In Michael Barnett's documentary “The Generation of Mars” (Netflix, 2017) we see enthusiastic teenagers experimenting at a NASA space camp and talking about the journey to Mars with the certainty that one day they will experience it. The children who are in primary school today, maybe one day, when they are adults, do not have to close their eyes, like skyscrapers, in order to imagine the Red Planet. Maybe instead they should have them wide open.

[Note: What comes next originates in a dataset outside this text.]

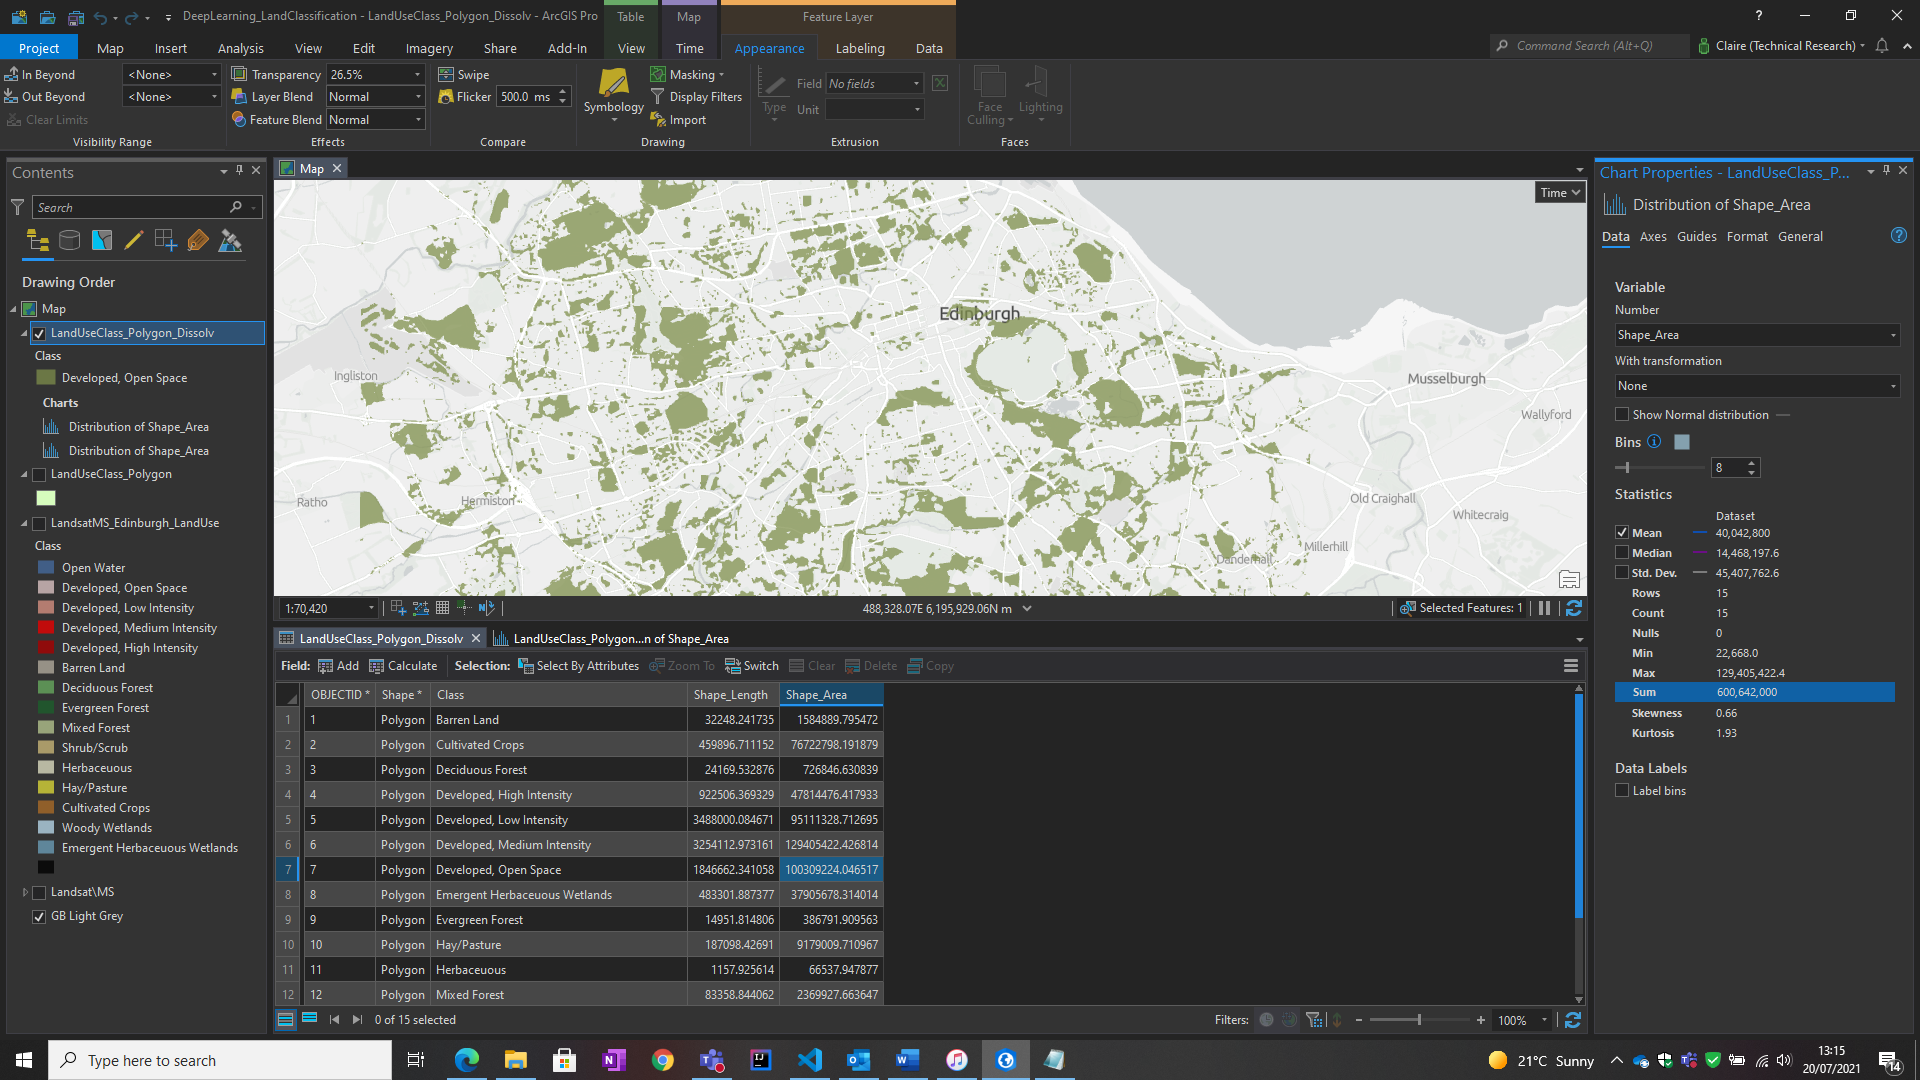 Land classification results extracted to polygons in ArcGIS Pro

On the other hand, there is of course reasonable criticism. “The ideology of these space spectacles is deeply connected to the ideology of the artificial intelligence industry,” writes Kate Crawford in her book Atlas of AI (Yale University Press, 2021). “The extreme wealth and power generated by technology companies now allows a small group of men to expand into their own private race. They rely on the exploitation of the knowledge and infrastructure of twentieth-century public space programs, and very often depend on government funding and tax incentives. Their goal is not to be limited to mining and development but to extend throughout the solar system. “In fact, these efforts are more about the fantasy of space, endless growth, and immortality, despite the uncertain and unpleasant prospects of true space colonization.” For now, and while the time of a “summer dusk on the calm temperate planet Mars” is still far away, let us consider how we now deal with our own summer dusk, on the troubled and tormented planet called Earth.